When I think about all the things I could be doing, Yale pretty much sucks. Earlier that night Brothers Starks and Okolo and I watched the new Clipse music video. We were enchanted by all the video hos dancing while Pusher-T rolled up to the club, unable to fit all the sex-crazed models into his chromed-out Mercedes SL5 convertible.

“Those guys’ lives,” Starks said, “are one billion times better than ours.”

“I bet they never even have to look at ugly people.” Pete said. We looked at each other. Then we looked at the beer all over the floor from our failed funnel attempt. It was true, their lives were a billion times better than ours.

“I bet they’ve never had to memorize a constant in their LIVES!” I said. “Not even pi!” The other brothers politely ignored me.

“All right,” said Brother Starks. “Let’s see what this school has to offer.”

Yale’s social scene gets a bad rap, and there’s a reason. It’s not because of New Haven, or our work load, or ITS’s decision to slow down Kazaa. Yale has a lame reputation purely because of us — the students who go there.

Why? Think back to high school. Do you remember yourself from high school? I’ll give you a hint: drama, improv comedy, and a cappella weren’t cool back then. They got you kicked in the balls. Face it, we were the social retards. While the normal kids were getting wasted before dances and freaking on each other, most of us were standing in the corner dreaming about the Moustache party we would one day throw. Those normal stupid kids went to lesser, stupider schools. This brings us to the Quinnipiac girls.

We grabbed some drinks in Berkeley, enough to get me drunk to the point where I’m pissed off about things that don’t really bother me (that night, puddles, North Face jackets and a poorly-designed poster next to WLH caught the heat big time). There weren’t too many people there, so we sat down on the couch and started looking out for the chicas. For quite some time, there were very few chicas. But then, like some sort of sketchy godsend, five clueless-looking girls walked in. Clueless is good. Very good.

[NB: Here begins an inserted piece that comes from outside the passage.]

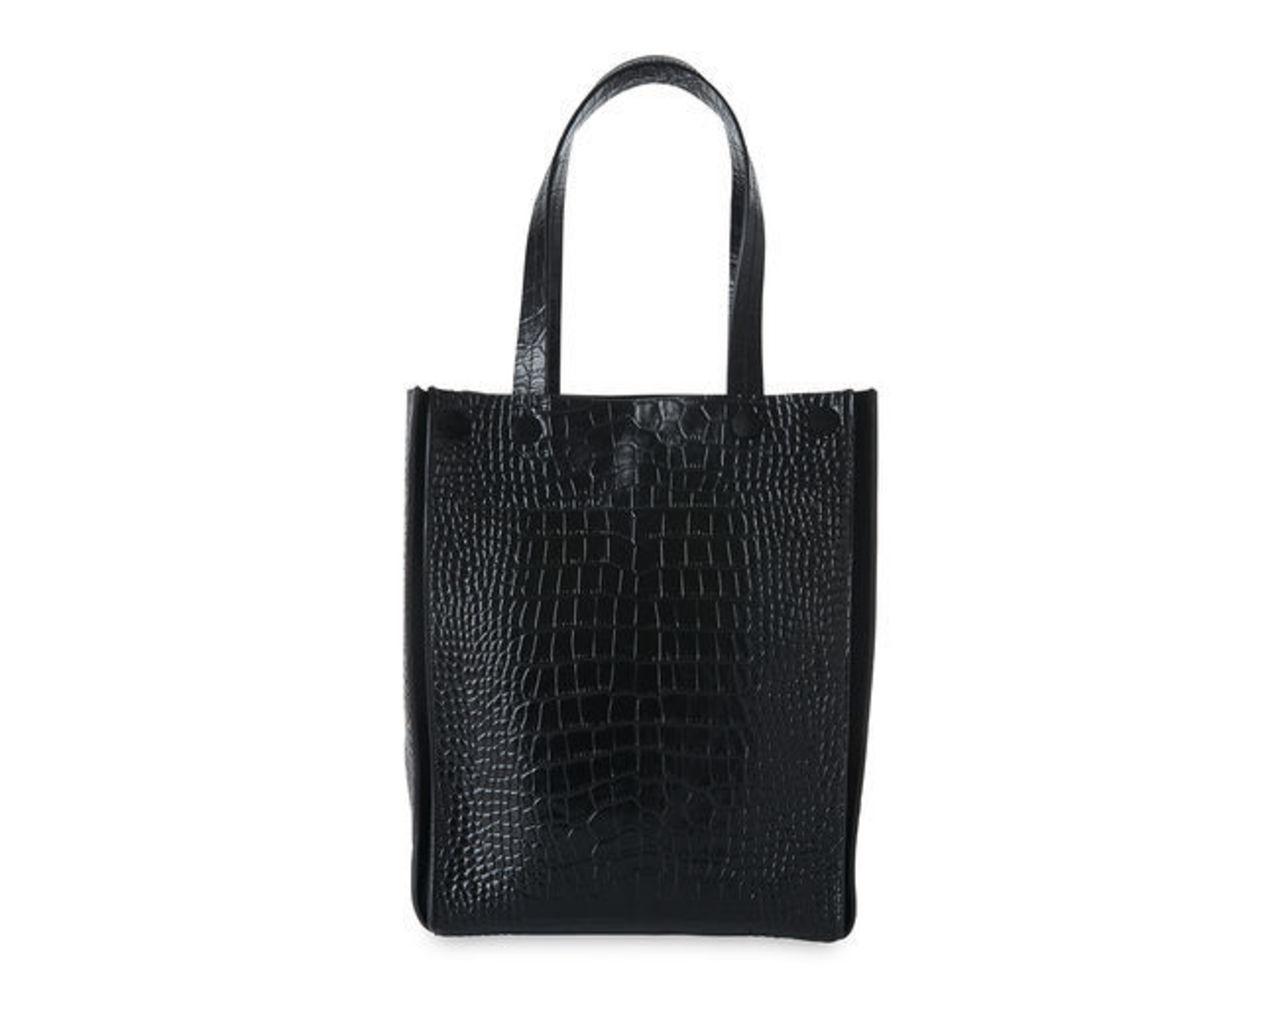 Croc Suede Mix Tote Bag

“Hey I’m Burt. Welcome to my suite. Sorry the party sucks so much. What’s your name?” Pretending to be the host makes you look cool.

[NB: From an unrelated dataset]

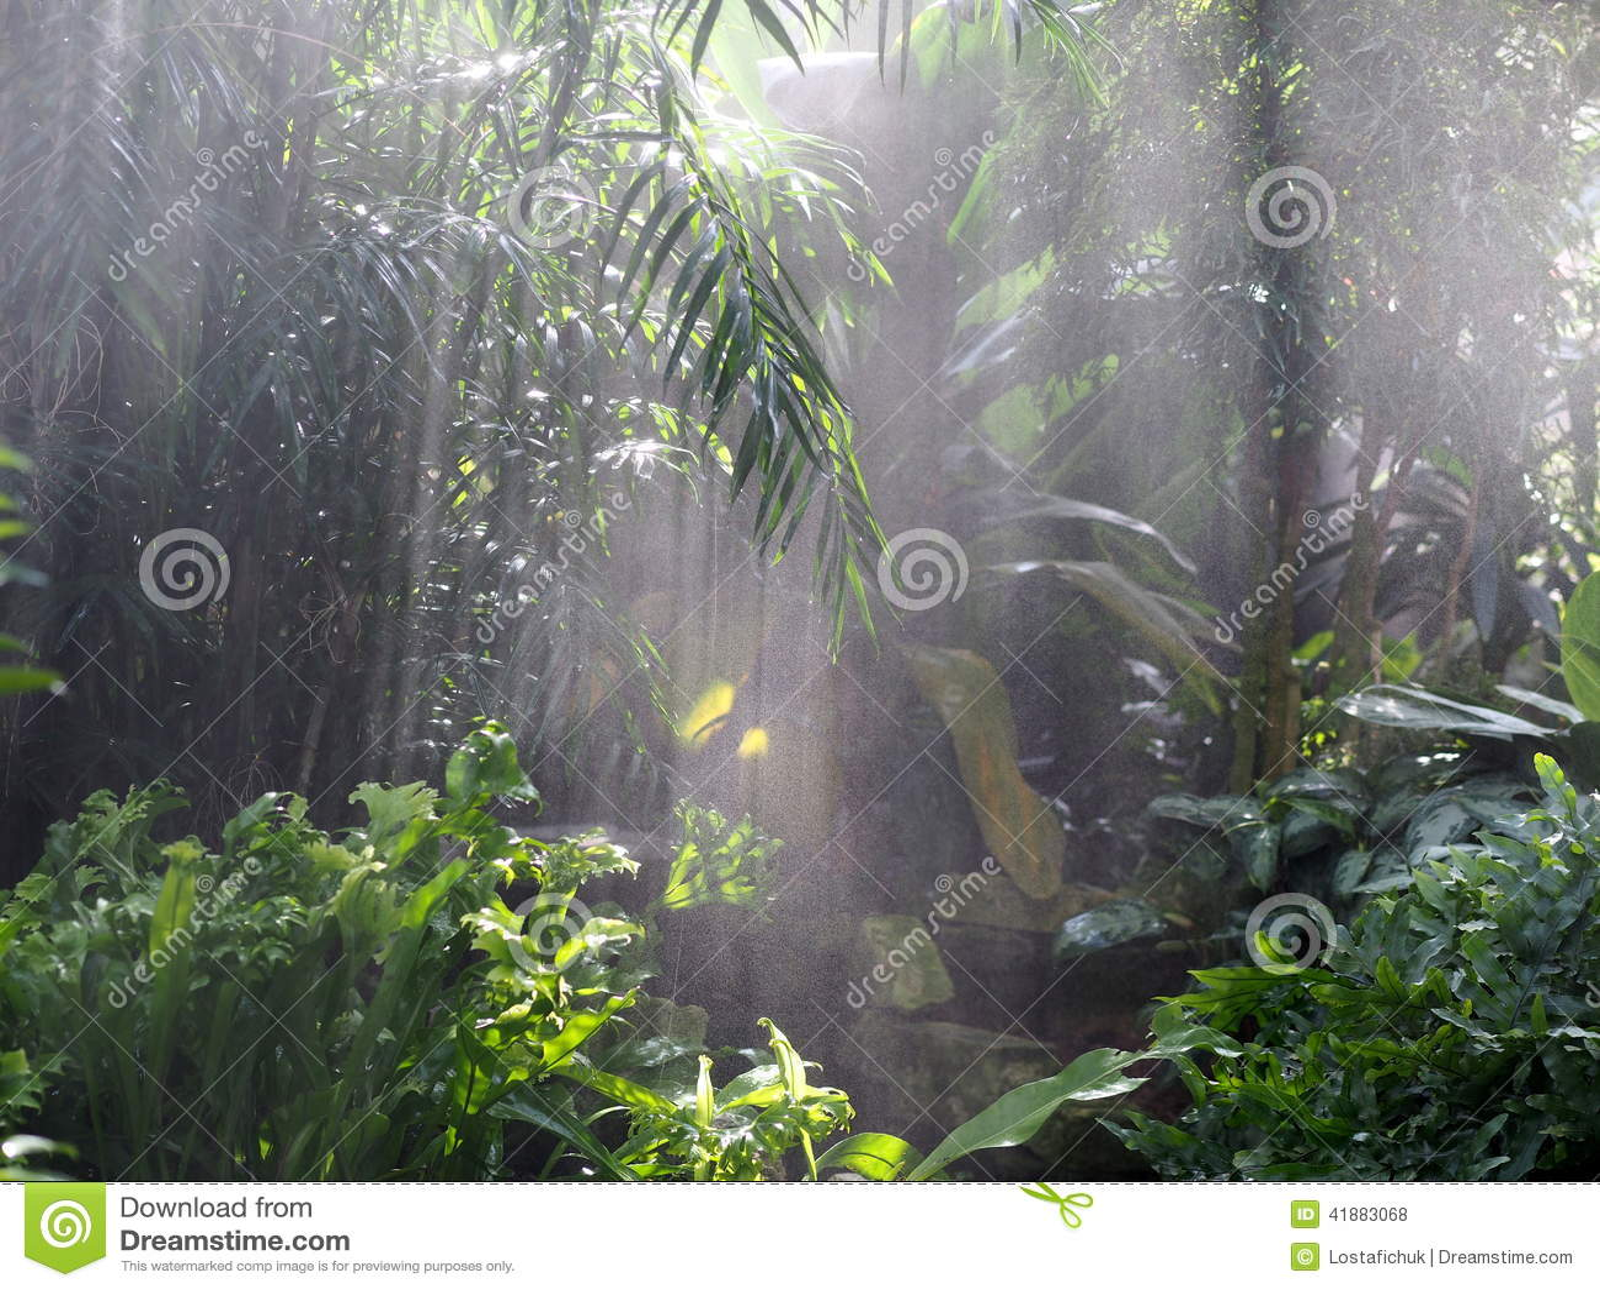 Green Vegetation With Mist

Not only was her shirt tight and her name Caitlin, but it turned out she was visiting from Quinnipiac. This, I thought to myself, was going to be smooth sailing.

“You go to da Q-pac, huh?” I said, feeling down with the lingo.

“What?” she said.

I’d confused her. Apparently people from Q-pac don’t call it Q-pac. She started drifting, distracted by another girl’s shoes.

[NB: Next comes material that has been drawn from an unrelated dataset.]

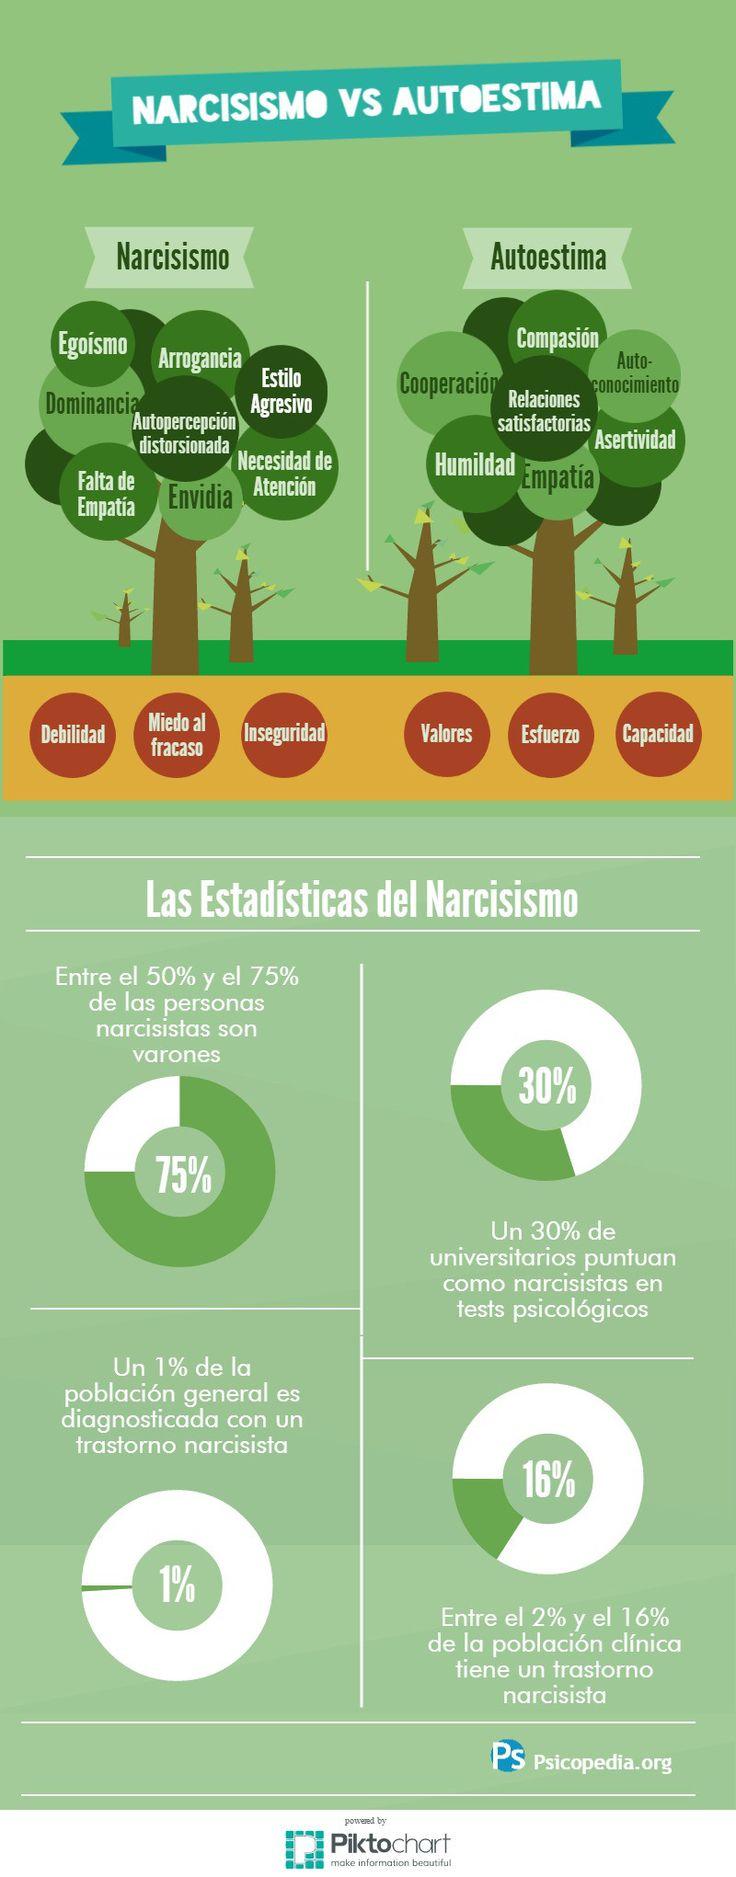 Narcisismo vs Autoestima #infografia #infographic #psychology

“Anyway,” I continued, “why are you coming to Yale to party? Don’t you guys have much better parties there?”

Apparently, they don’t. According to Caitlin, schools like da Q-pac have very strict alcohol policies; RAs police them constantly, and good parties are rare.

But aren’t they the cool kids? Aren’t they always partying? No. And really, it makes sense from the high school perspective. Administrators of normal colleges SEE the high school freaking. They KNOW stupid kids like to party, so they batten down the hatches. This is where Yale students benefit — we get to sneak under the radar. We’re good kids! Regulations are lax and people figure we’re harmless. And because we’re harmless, we can do what we want.

So take advantage of that sweet trust and go crazy. Funnel a pitcher, puke on the floor — and good luck on your midterms.

Burt Helm actually needs those glasses. Yup, they’re prescription.